Mantle’s power enabled him to drive the ball, but that force also wreaked havoc on his entire body. “A photograph taken as he hobbled toward a waiting limousine was converted into an annotated medical chart with dates and arrows fixed to every part of his body except the grimace on his face: knees, tonsils, shoulders, rib cage; abscessed hip, fractured finger, fractured foot; pulled, sprained, and torn muscles; surgery, surgery, and more surgery.”
He played with incredible pain for virtually his entire career.

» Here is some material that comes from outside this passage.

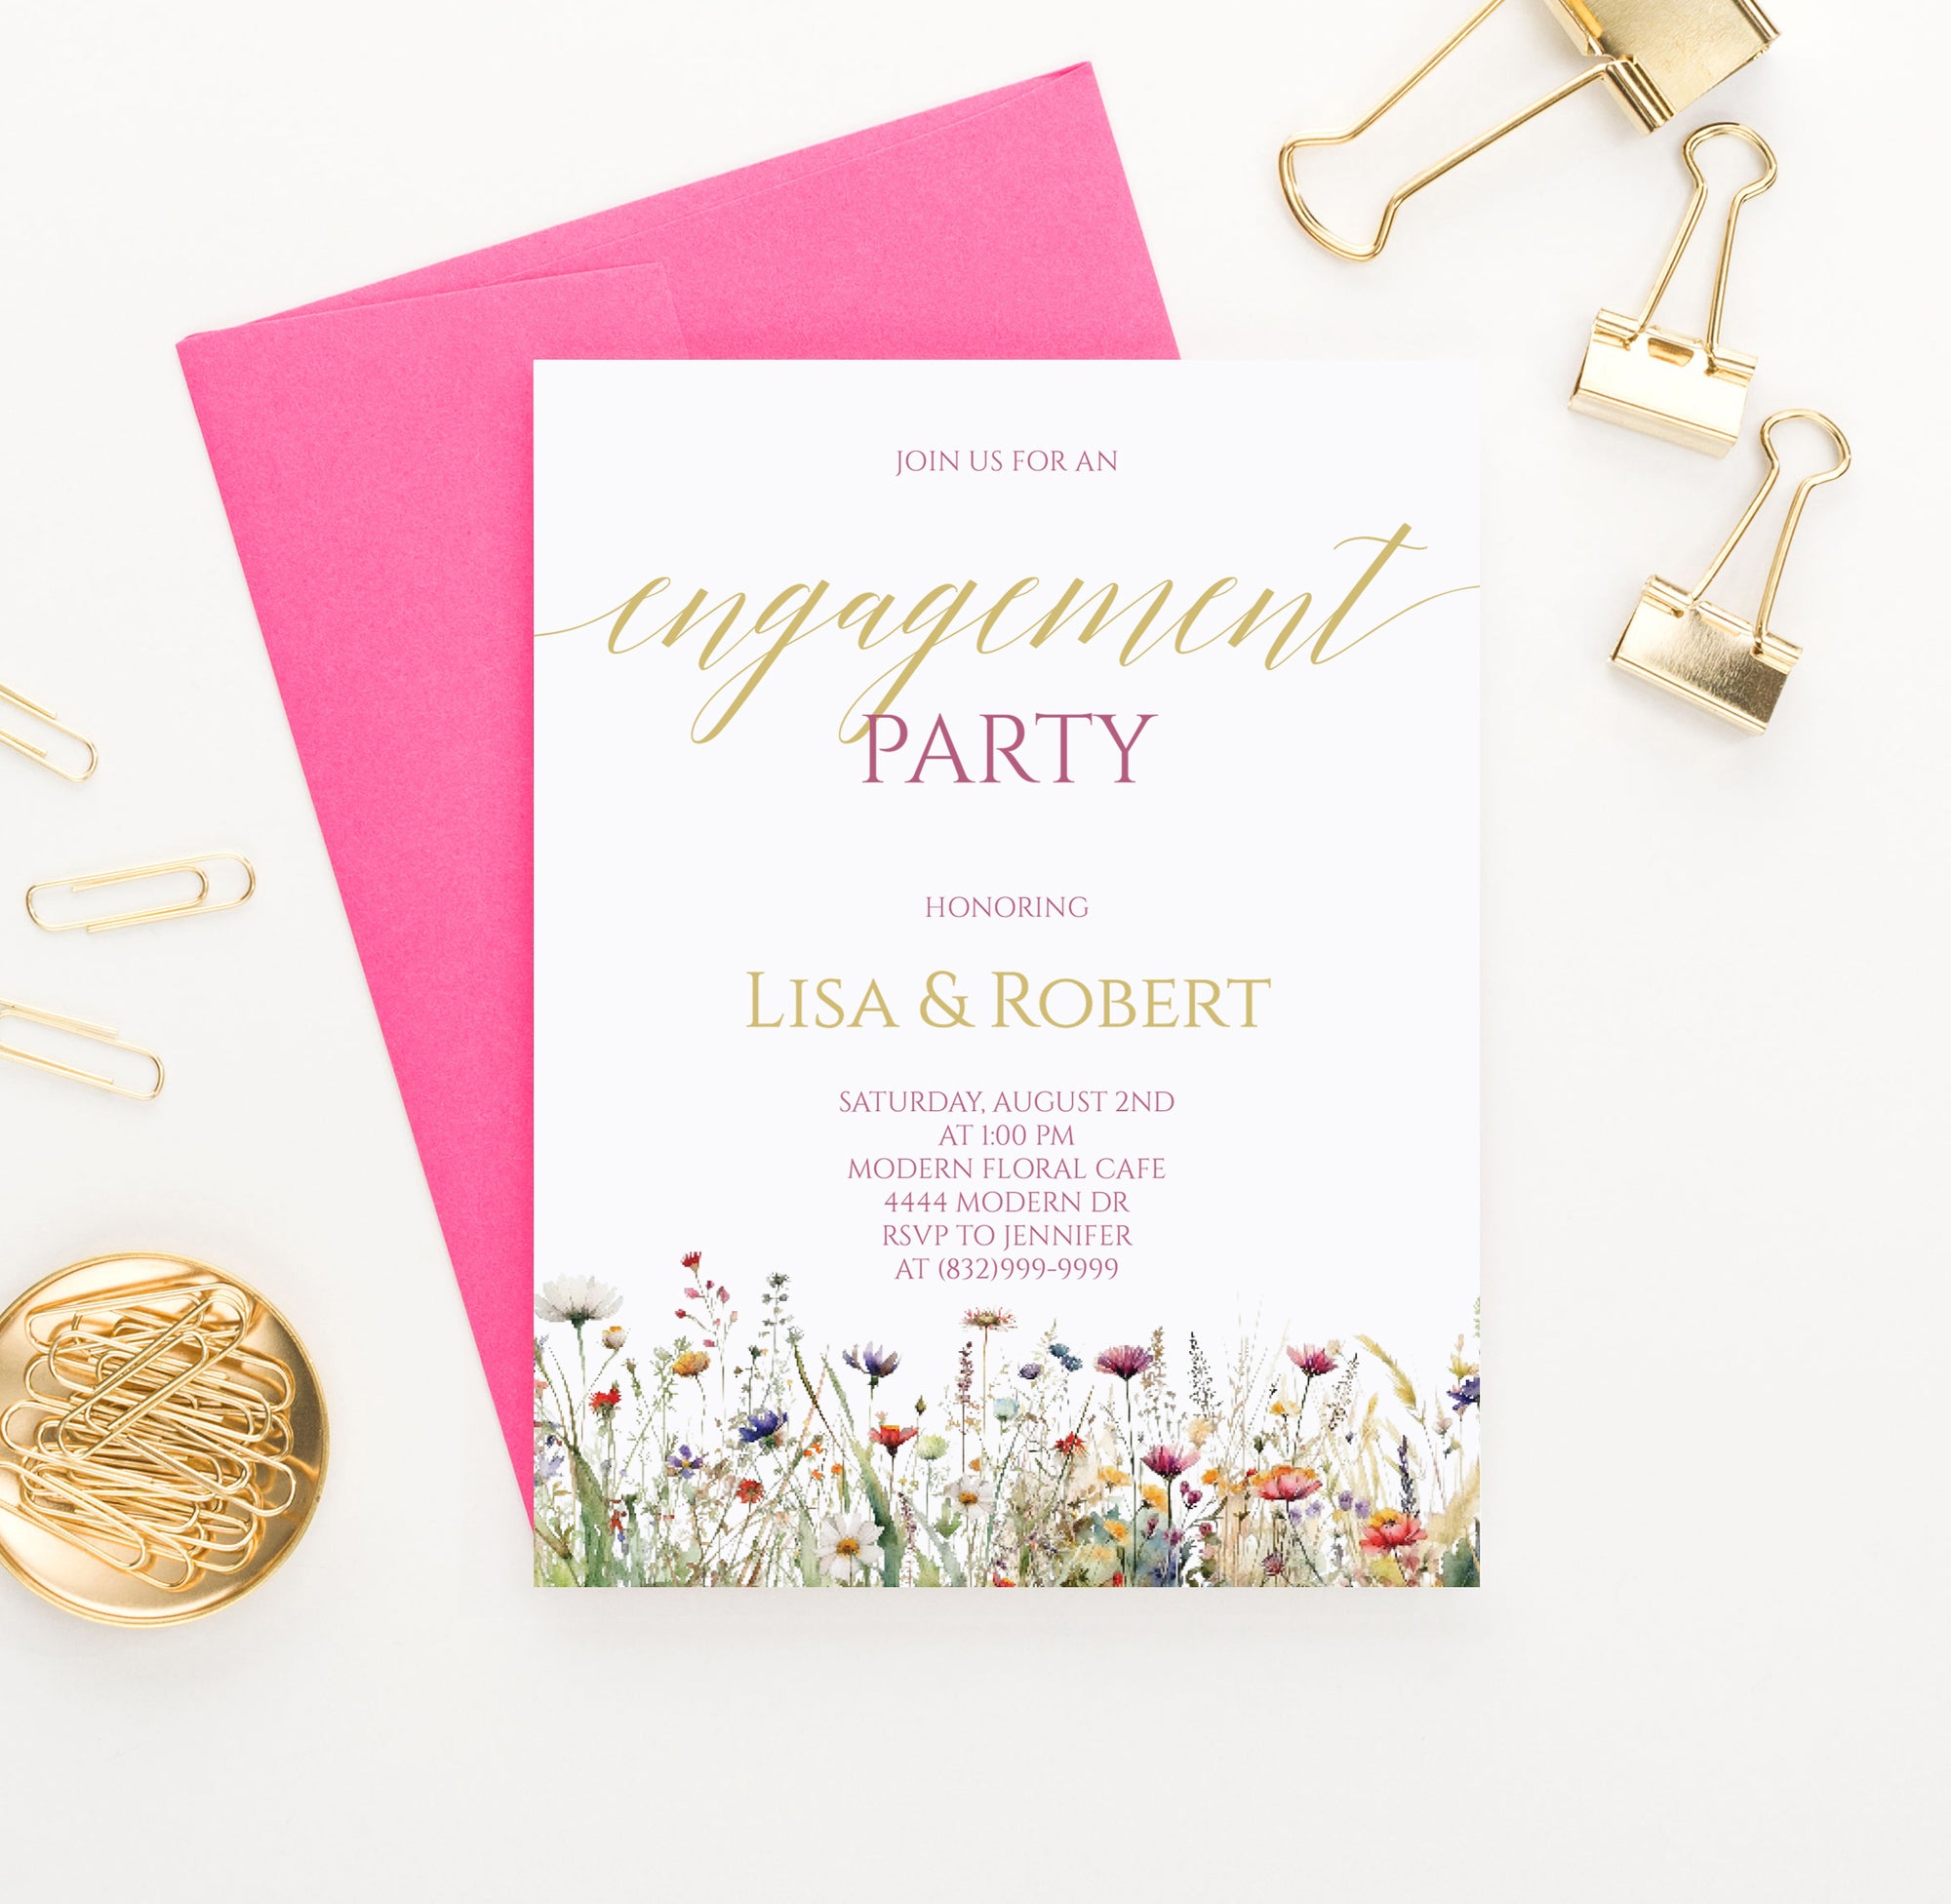 Custom Wedding Engagement Party Invitations With Wildflowers

He never complained, never made excuses.
Other superstars will continue to come up through the ranks, some with better numbers than Mantle. Yet few will capture the public’s fascination as Mantle did.
“…Mantle fit the definition of a tragic hero—he was so gifted, so flawed, so damaged, so beautiful. The traumatic and defining knee injury he suffered catching a spike in an outfield drain during the 1951 World Series attenuated his breathtaking potential after just seven months in the major leagues. His death from alcohol-related cancer in 1995 attenuated eighteen months of belated, hard-earned sobriety. He had so little time to be his best self.”